Wie abhängig ist Deutschlands Verwaltung von großen US-Herstellern und wie lässt sich diese Situation nachhaltig verändern? Ein neues Whitepaper des cyberintelligence.institute (CII) präsentiert Lösungsansätze – pünktlich vor dem deutsch-französischen Souveränitätsgipfel.
Das von Michael Kolain, Senior Fellow am CII, erstellte Whitapaper „Hindernisse auf dem Weg zu einer souveränen Cloud-Infrastruktur der deutschen Verwaltung“ fokussiert sich auf den Anbieter, der nicht nur in Deutschland, sondern weltweit – sei es in der Verwaltung oder der Wirtschaft – eine prägende Rolle einnimmt: Microsoft. Die Vormachtstellung des US-Konzern sei „kartellrechtlich problematisch“, erklärt Kolain im Pressegespräch. Zudem gebe es hierzulande kaum Transparenz, was die Lizenzkosten betrifft. Andere europäische Staaten wie Frankreich oder Spanien agierten in diesem Bereich hartnäckiger. Ab 2029 wolle Microsoft seine Produkte nur noch Cloud-basiert anbieten, blickt Rechtswissenschaftler Kolain voraus. Damit würde der Staat die Kontrolle über seine Daten noch ein Stück weit mehr aufgeben.

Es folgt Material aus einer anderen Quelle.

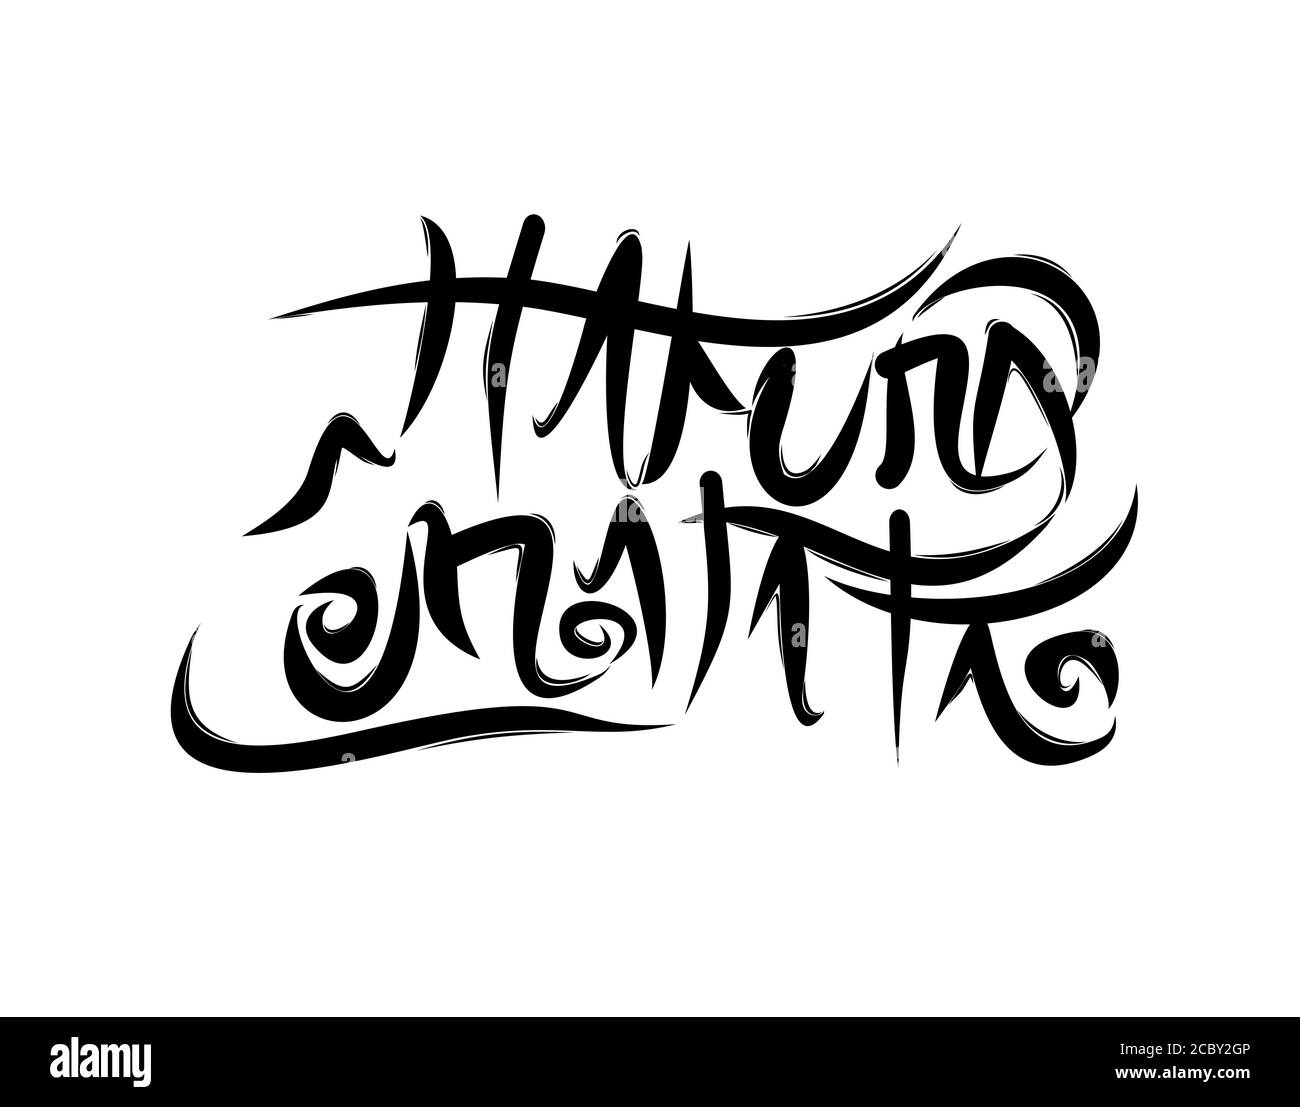 Hakuna Matata lettering text. Modern calligraphy style vector illustration. Stock Vector

Pionierarbeit statt Zurücklehnen
Kolain betont, dass es ihm nicht „Microsoft-Bashing“ gehe. Vielmehr diene das Unternehmen als Beispiel, an dem sich Deutschlands fehlende Souveränität deutlich aufzeigen ließe. Die Annahme, Microsoft sei aufgrund seiner Marktmacht und seiner Ressourcen die sicherste Variante, bezeichnet Kolain als „Mär“. Nicht zuletzt habe ein globaler, mit dem Unternehmen in Zusammenhang stehender IT-Ausfall wir der von Crowdstrike gezeigt, dass dem nicht so sei. Als Positivbeispiel in Deutschland führt der Autor des Whitepapers das Land Schleswig-Holstein an. Dieses hat seine öffentliche IT von MS Office auf Libra Office umgestellt, Thunderbird und Open Exchange anstelle des MS Exchange Servers in seiner Verwaltung etabliert und nutzt die von Zentrum für Digitale Souveränität (ZenDiS) entwickelte Lösung openDesk. Für dem Volljuristen Kolain eine „Pionierarbeit“, die auch andere Länder inspirieren könne.
Souveräne Beschaffung
Am 18. November findet in Berlin der „Summit on European Digital Sovereignty“ statt – ein Gipfel zur Zukunft von Europas digitaler Souveränität, an dem Bundeskanzler Friedrich Merz und Frankreichs Präsident Emmanuel Macron teilnehmen. Der für Kolain optimale Ausgang dieses Treffens: dass Merz und Macron sagen „Wir steigen bis 2030 aus der Microsoft-Abhängigkeit aus“ – und dass die beiden wirtschaftsstarken Nachbarstaaten eigene, deutsch-französische Lösungen entwickeln. Bis dahin warnt Prof. Dr. Dennis-Kenji Kipker, Research Director des CII, vor einer seiner Beobachtung nach immer noch vorherrschenden „Zurücklehn-Mentalität“ in Verwaltungen und Unternehmen. Diese sei zum Teil einer abstrakten Vorstellung von digitaler Souveränität geschuldet. Dabei gehe es konkreter: „Digitale Souveränität ist ein Beschaffungsprozess. Jede einzelne Beschaffung ist eine Entscheidung für oder gegen digitale Souveränität“, so Kipker.